Twn85, do you have pictures of your final design? Would love to see it.

Laughable, that may be an alternative. I definitely don't want to go shorter, as I am 5'9 and DH is 6'3. My only thing is that I'd have to add some granite to the left of the stove (where the current fridge is now, before the corner begins to make a peninsula) but maybe I could take what I'd be cutting out on the other side where the fridge would be moved? I don't know enough about granite to know if that's an option. Honestly I'd love new counters but even getting DH to consider any of this is enough of a challenge - he sees the square footage and thinks I'm crazy and high maintenance (okay, I AM but still) to even talk about putting money into an already "big" kitchen with upgrades.

As for what I like to do in the kitchen - I'm a pretty much make-from-scratch cook. I am a SAHM and spend A LOT of time in the kitchen, either cooking, prepping or cleaning. I like having stations - baking, cooking, coffee, etc. I don't like a lot of appliances on the counter but I DO have a lot of heavy gadgets I'd want a spot in a cabinet or drawer for. There is a small TV in the corner of a countertop to give me company while I'm in there because I'm usually alone, although I'd LOVE to have (adult) company - other times, I have my small (ages 5 and 3) children to "help" out, and having a place for them to put their stools to spread out and pour ingredients is very good.

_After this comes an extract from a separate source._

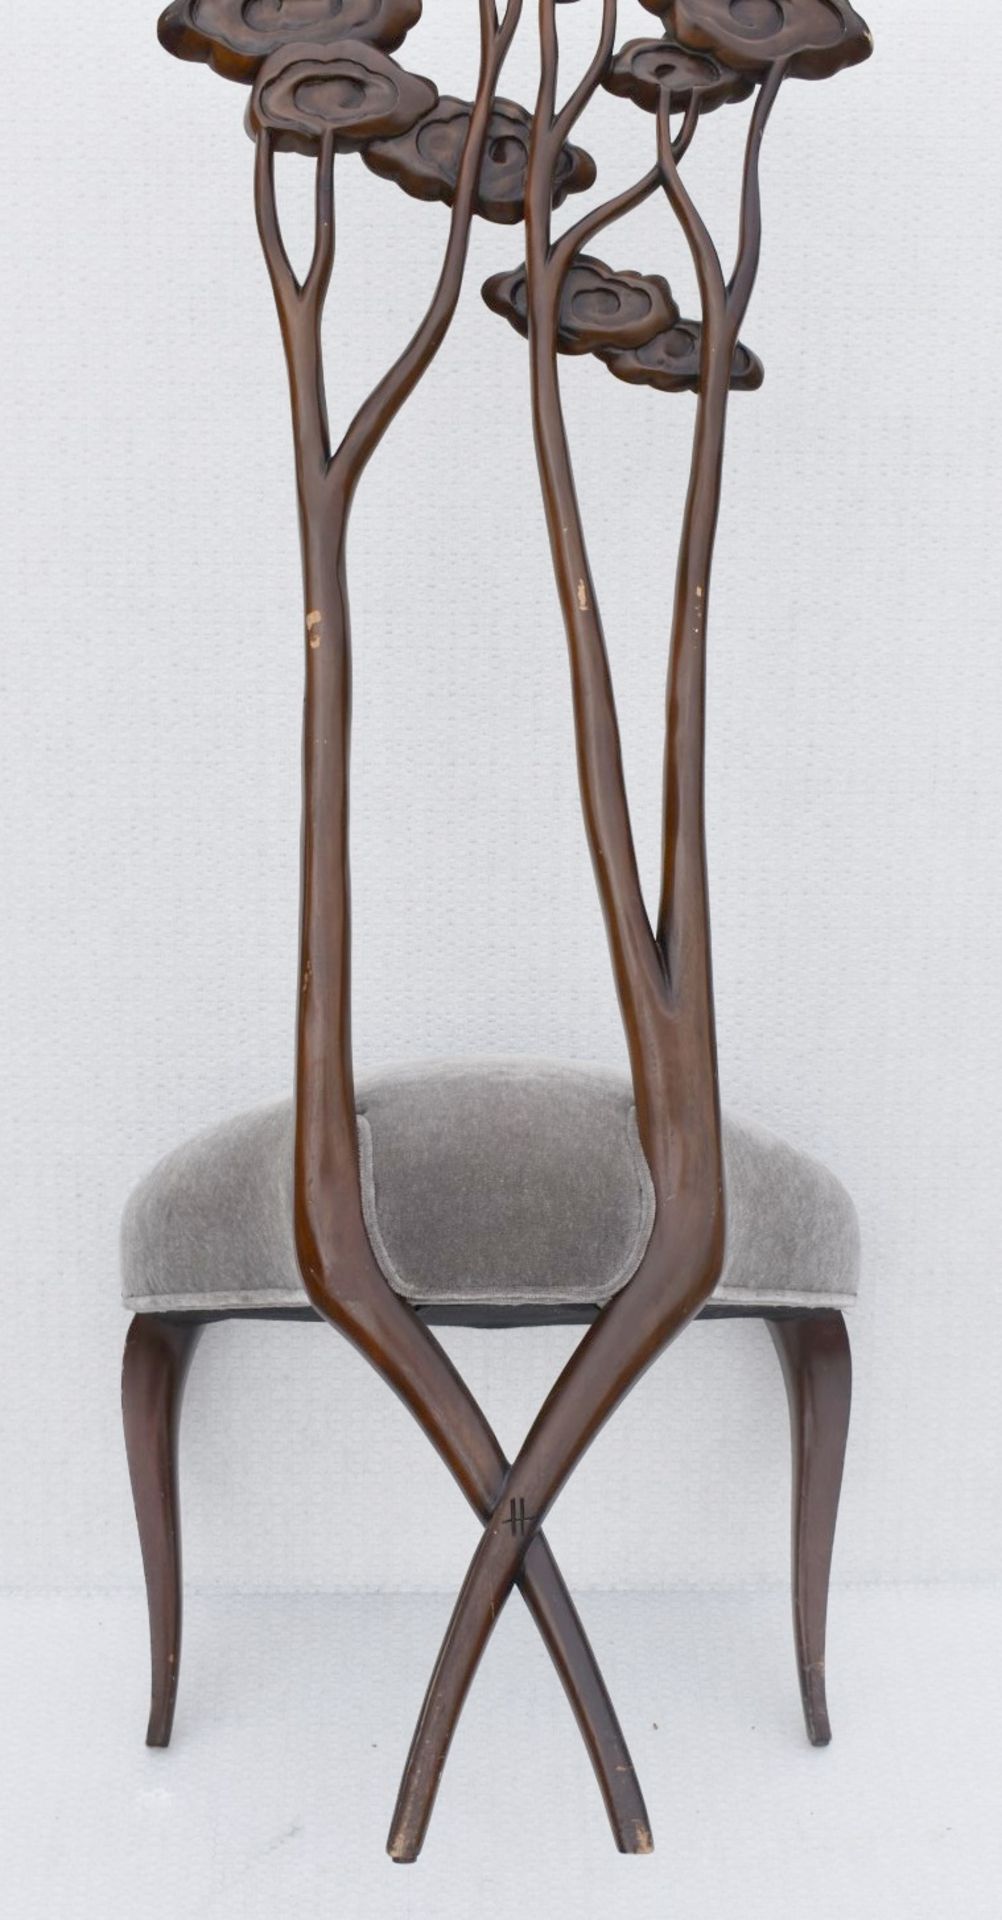 1 x CHRISTOPHER GUY 'Le Jardin' Luxury Hand-carved Solid Mahogany Designer Dining Chair - Recently - Image 10 of 14

The breakfast nook bugs me right now - the window seat is not currently there and the outside chairs are right in the walkway from the garage door into the FR. However, I'm not a big fan of stool seating b/c family dinners are really important at this stage in our lives. I know eventually the kids will need a place to do homework but if a sink goes at the peninsula, that sounds like a disaster waiting to happen. One thing you may be able to see is the architect suggested cutting out that pantry cabinet and extending the archway that leads into the dining room. The purpose there would be to make that more of a breakfast room than formal DR and maybe put some comfortable chairs where the current breakfast nook is for conversation. A peninsula would block that idea, though, I think.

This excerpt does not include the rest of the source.